Task directions: Reproduce each line, exactly, from the one containing "Fairfield County Pride" through the end of the material. Exclude pictures.
Top of Source data
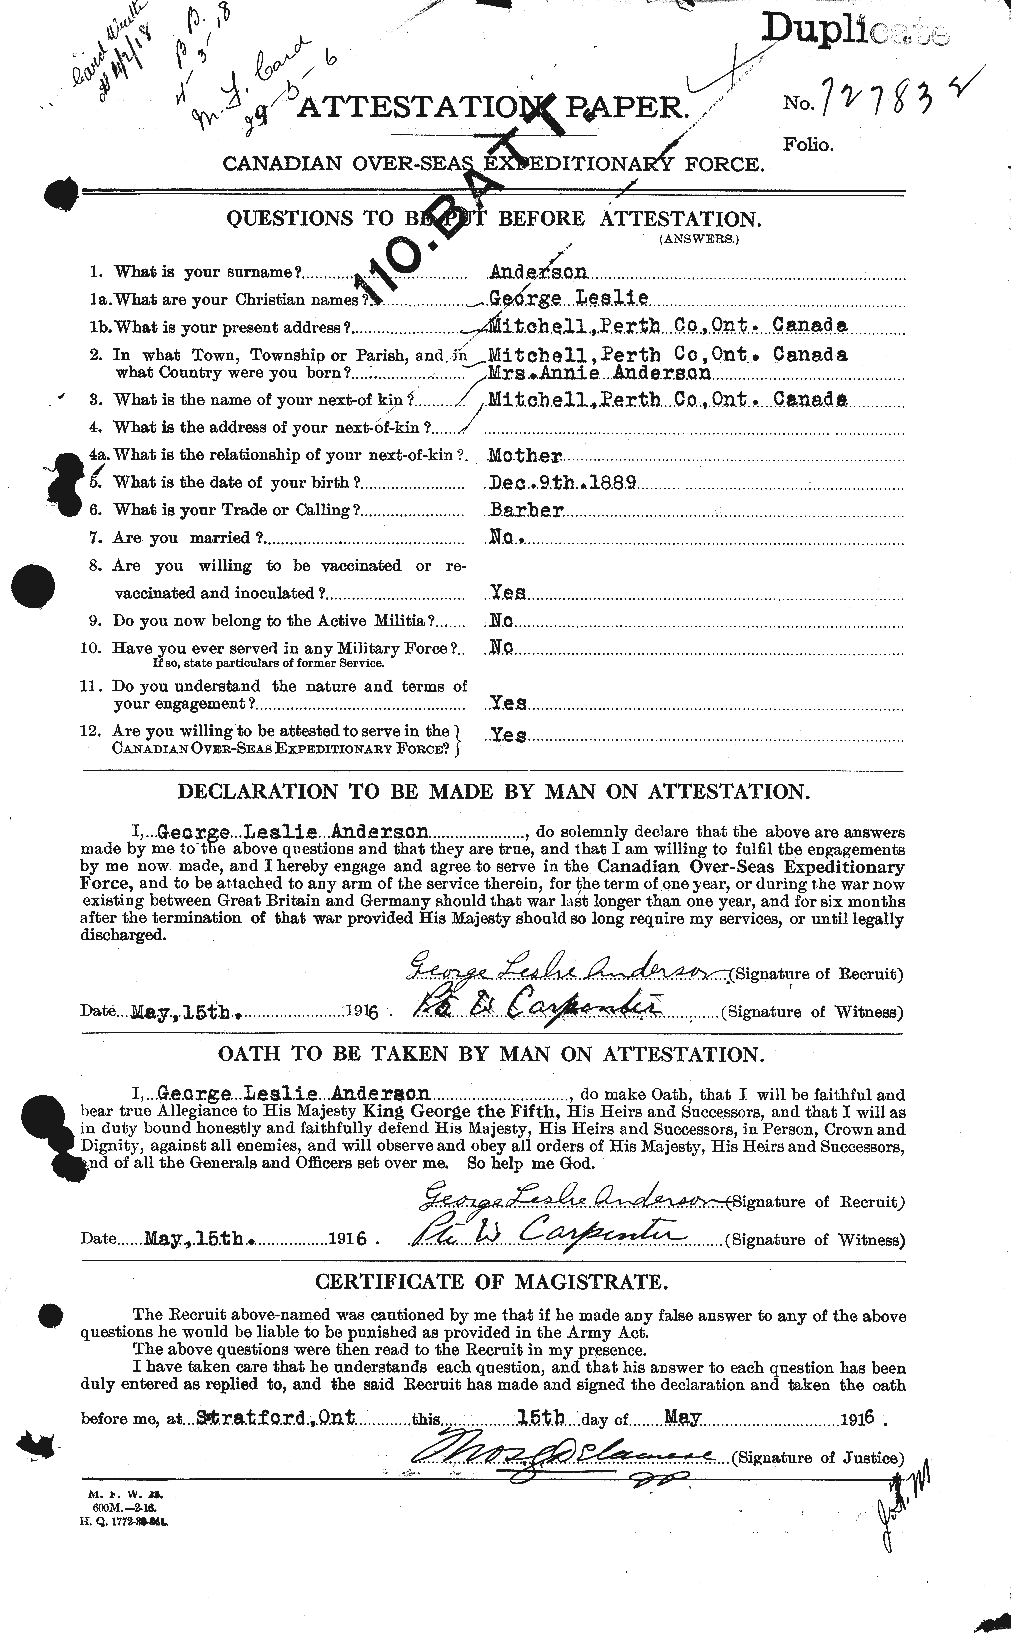 Dossiers du Personnel de la Première Guerre mondiale - CEC 209714a
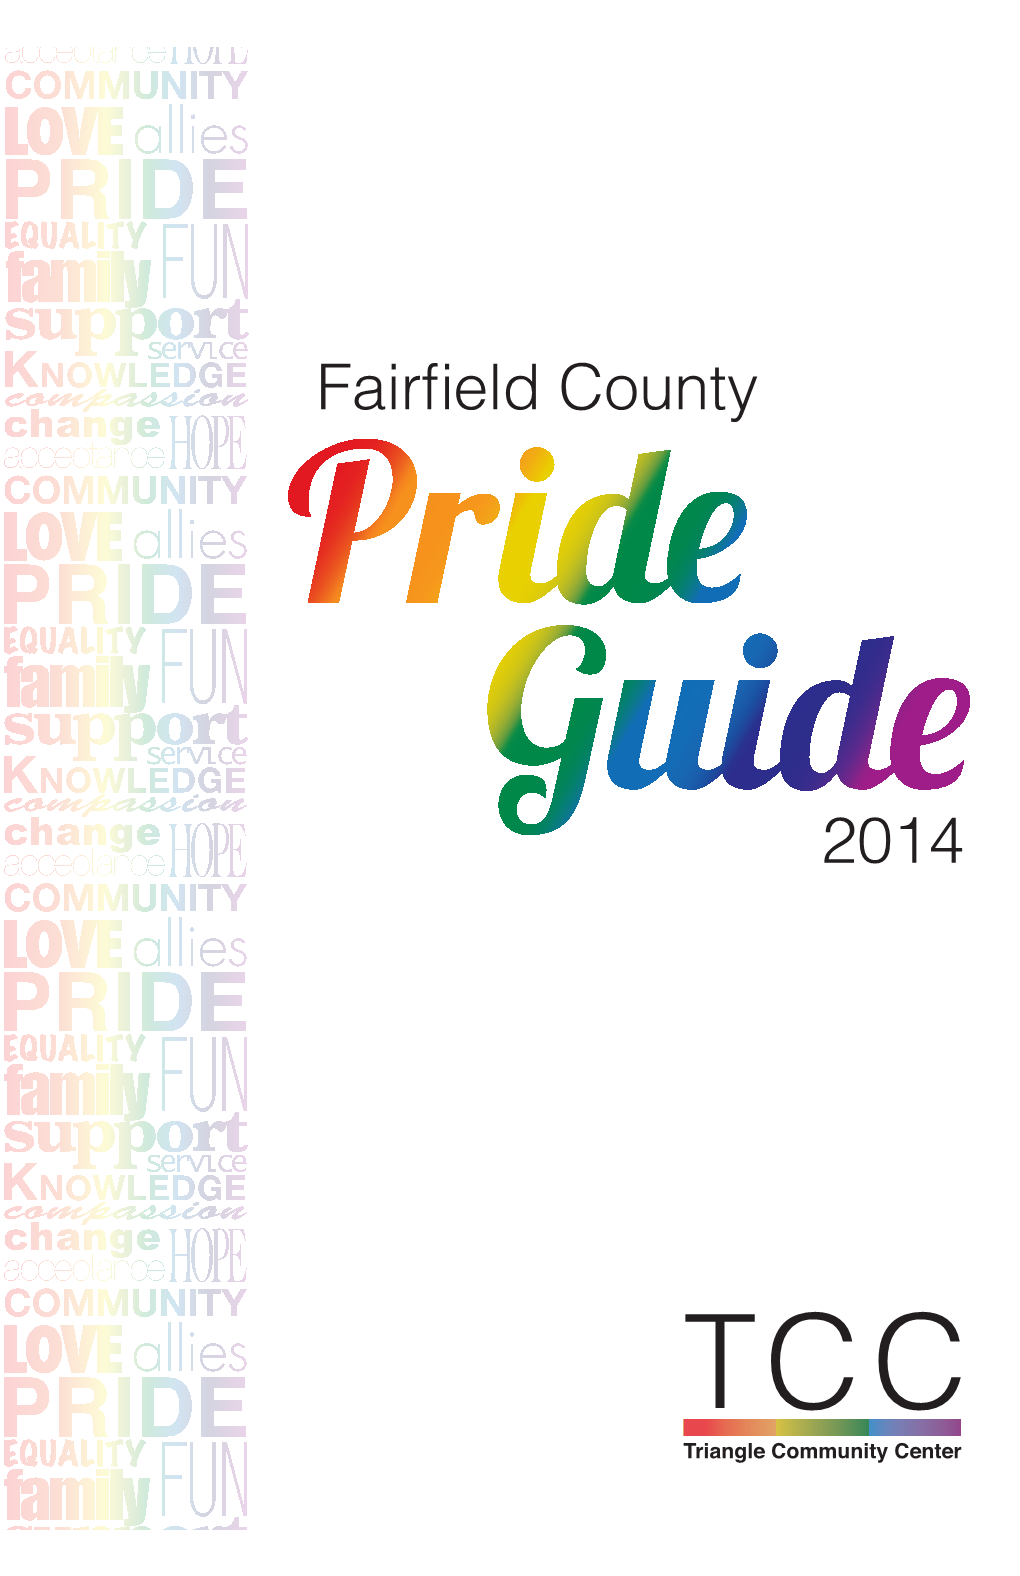 Fairfield County Pride Guide 2014 Dear Friends
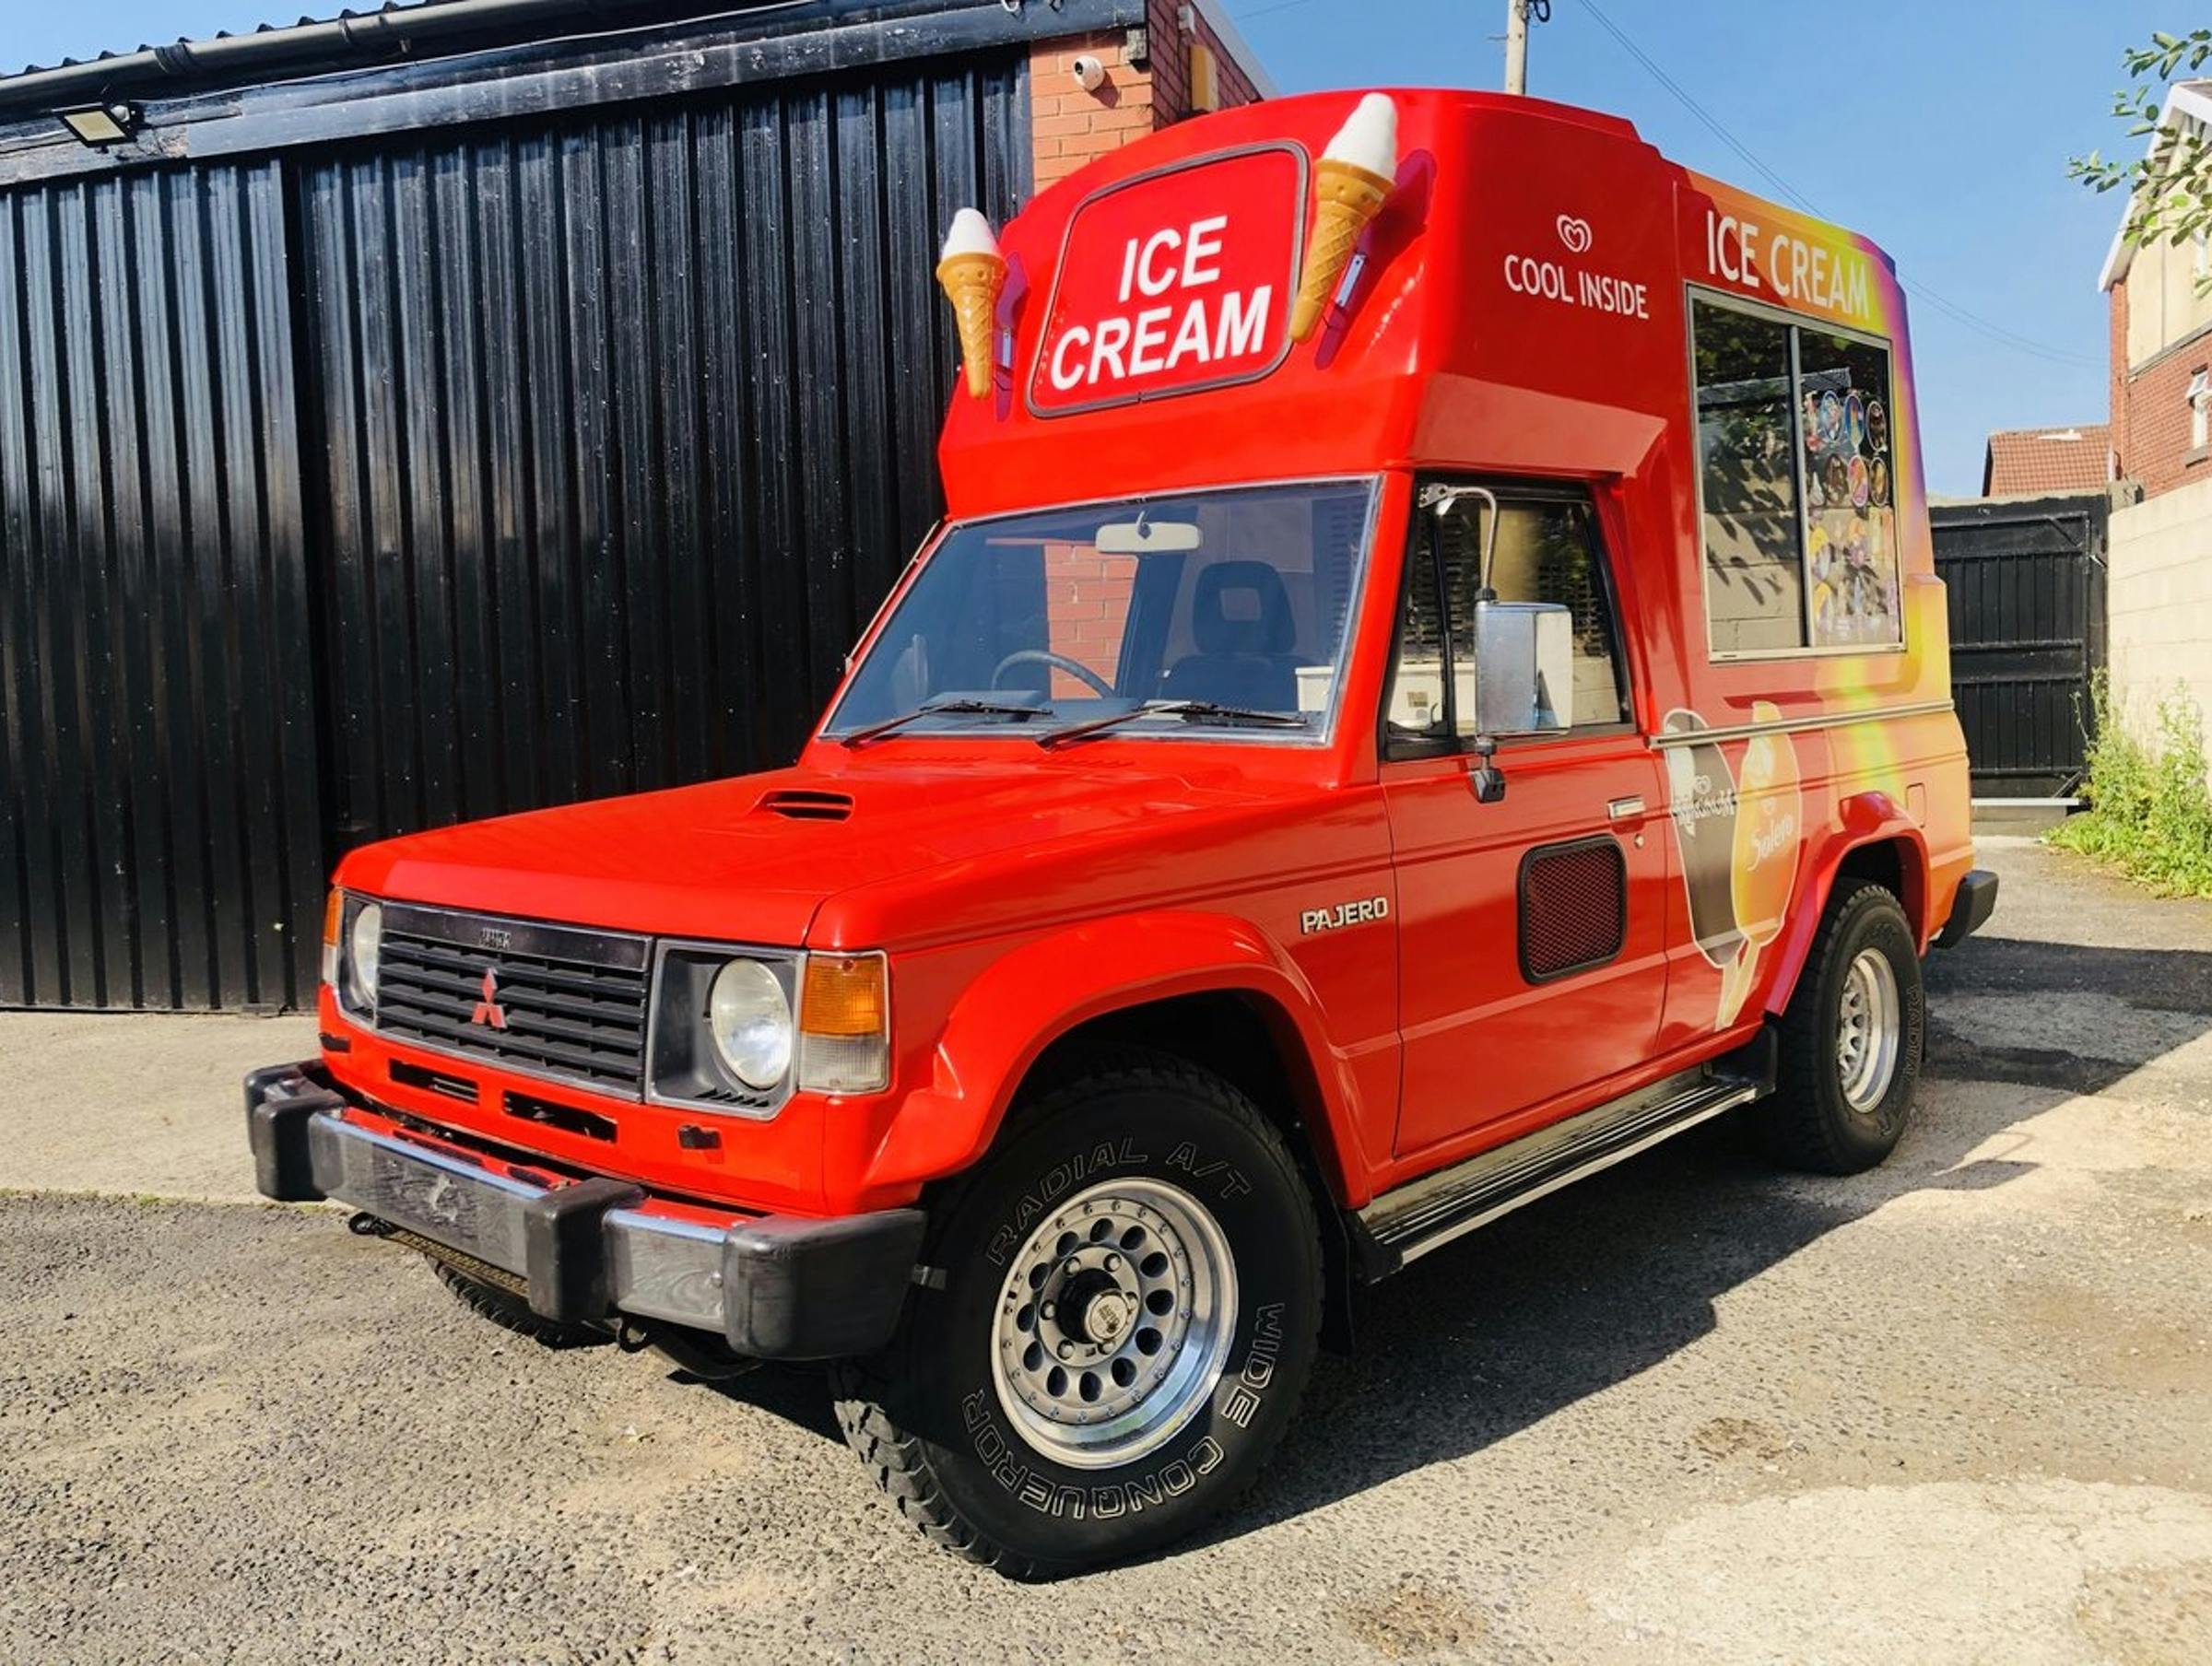 Mitsubishi Pajero ice cream van front thee-quarter
Bottom of Source data
Solution:
 Fairfield County Pride Guide 2014 Dear Friends
 Mitsubishi Pajero ice cream van front thee-quarter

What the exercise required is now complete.